Tax Court of Canada Judgments

Decision Information

Decision Content

Date: 20000501

Docket: 98-2260-IT-G

BETWEEN:

MELVYN L. SOLMON,

Appellant,

and

HER MAJESTY THE QUEEN,

Respondent.

Reasons for Judgment

Sarchuk, J.T.C.C.

[1] This is an appeal by Melvyn L. Solmon from an assessment of tax with respect to his 1994, 1995 and 1996 taxation years. In computing his income for those taxation years, the Appellant deducted legal fees of $21,000, $43,317 and $38,648, respectively. The Minister of National Revenue (the Minister) reassessed the taxation years in issue to disallow the deduction of the legal fees claimed.

[2] In assessing as he did, the Minister assumed that:

(a) the Appellant's business is the practice of law;

(b) the Appellant incurred legal fees of $21,000 in 1994, $43,317 in 1995 and $38,648 in 1996 for the purpose of obtaining a judicial determination of several issues relating to his ongoing support obligations; and

(c) the Appellant did not incur the legal fees for the purpose of gaining or producing income from business or property.

[3] The Appellant is a barrister whose practice for the most part is commercial litigation. He was married to Richelle Gordon (Richelle) in June 1975 and there are two children from that marriage, Kerah and Tasha (now 20 and 15, respectively). In February 1987, they separated, matrimonial proceedings were commenced and an interim support order was made by Master Cork in July 1987.[1] The Appellant and Richelle were divorced in April 1988. According to the Appellant, from the outset the dispute was decidedly acrimonious and every issue: custody, access, support payments, the method of making payments, etc. were, and in some aspects continue to be, hotly contested. On July 5, 1989, following a 12-day trial a judgment for support order was pronounced by Sutherland J.[2]

[4] The Appellant says that pursuant to the Order of Sutherland J., he was to provide, inter alia, spousal support to Richelle and that in turn she was required to make certain payments out of the funds so provided to her.
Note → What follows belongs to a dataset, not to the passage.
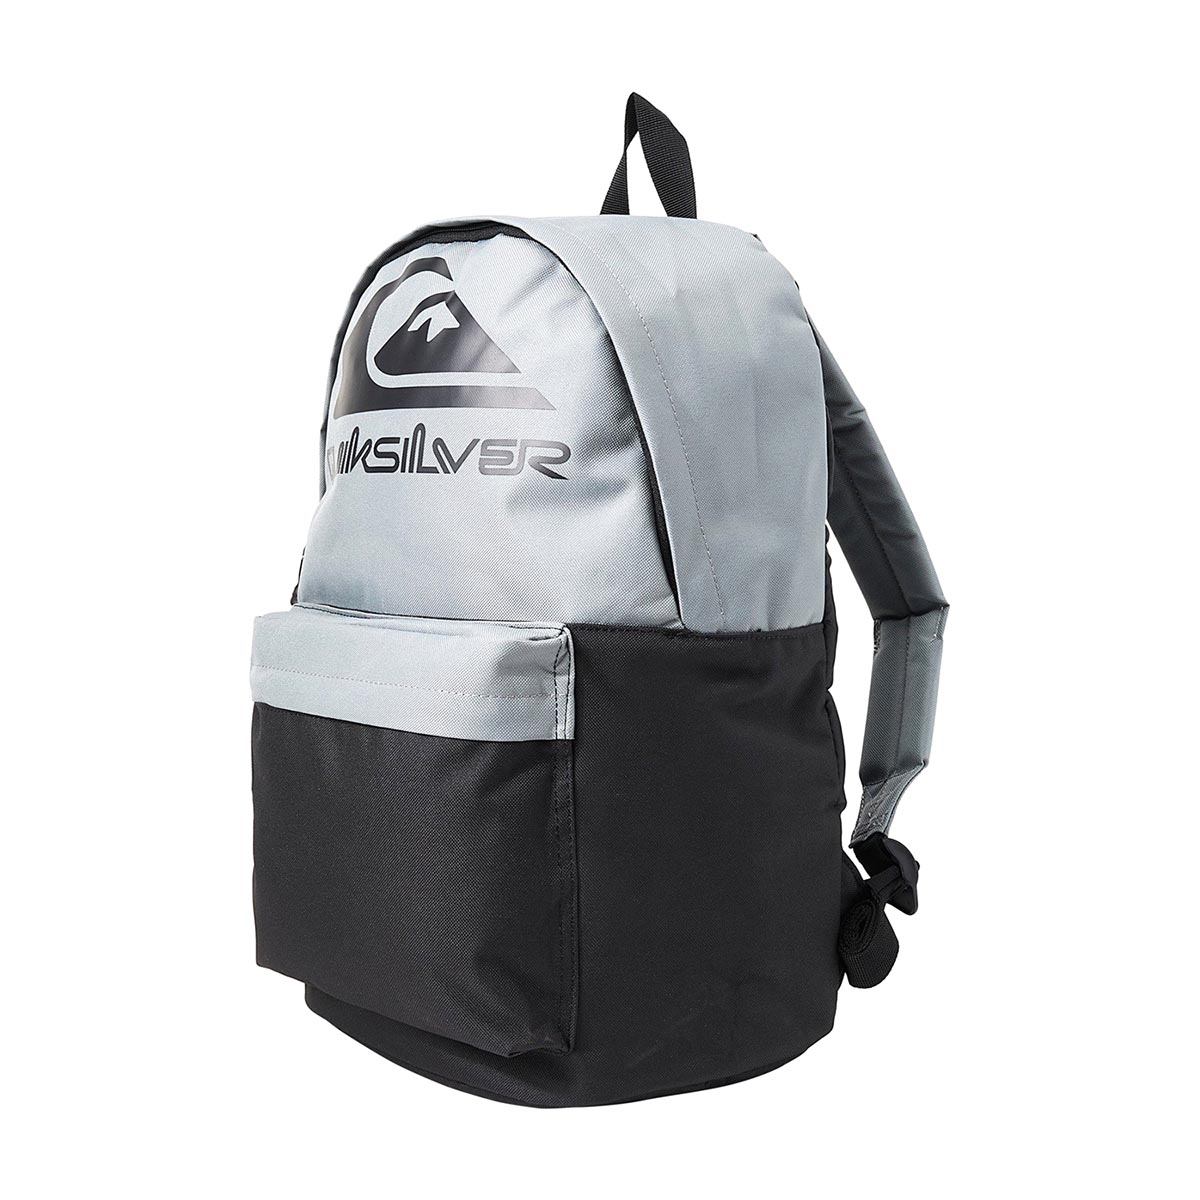 QUIKSILVER - THE POSTER MEDIUM BACKPACK 26 L

The Appellant says that she failed to make a number of required payments including such items as the mortgage payments with respect to the matrimonial home[3] and payments to the children's scholarship trust fund. He also says that she improperly claimed payments of monies for support to which she was not entitled and in particular, he asserts that Richelle presented a budget to the Court which was accepted but then treated the Appellant's child support obligation as open-ended.

[5] According to the Appellant, the legal expenses incurred related to his attempts to enforce compliance by Richelle of the "rights" granted to him by virtue of the various Orders of the Ontario Courts. These he categorized as follows:

(a) Claim Related to Mortgage Payments: Both the interim support Order of Master Cork and the Order of Sutherland J. required that the carrying costs associated with the matrimonial home be paid by Richelle which costs included the mortgage payments. According to the Appellant, Richelle stopped making the required payments on November 1, 1988. He attempted to have these payments enforced at the trial of the matrimonial proceedings, however, the trial judge declined to do so since the issue also involved the mortgagee which was not a party to the proceedings. The Appellant subsequently commenced a separate action in which he was successful in obtaining an Order requiring Richelle to repay to him mortgage arrears in the amount of $18,301.63 which he had paid in November 1991 (in substance twice in order to keep the mortgage in good standing).[4] The Appellant concedes that these amounts have not yet been collected and that the decision of Boland J. has been appealed by both parties.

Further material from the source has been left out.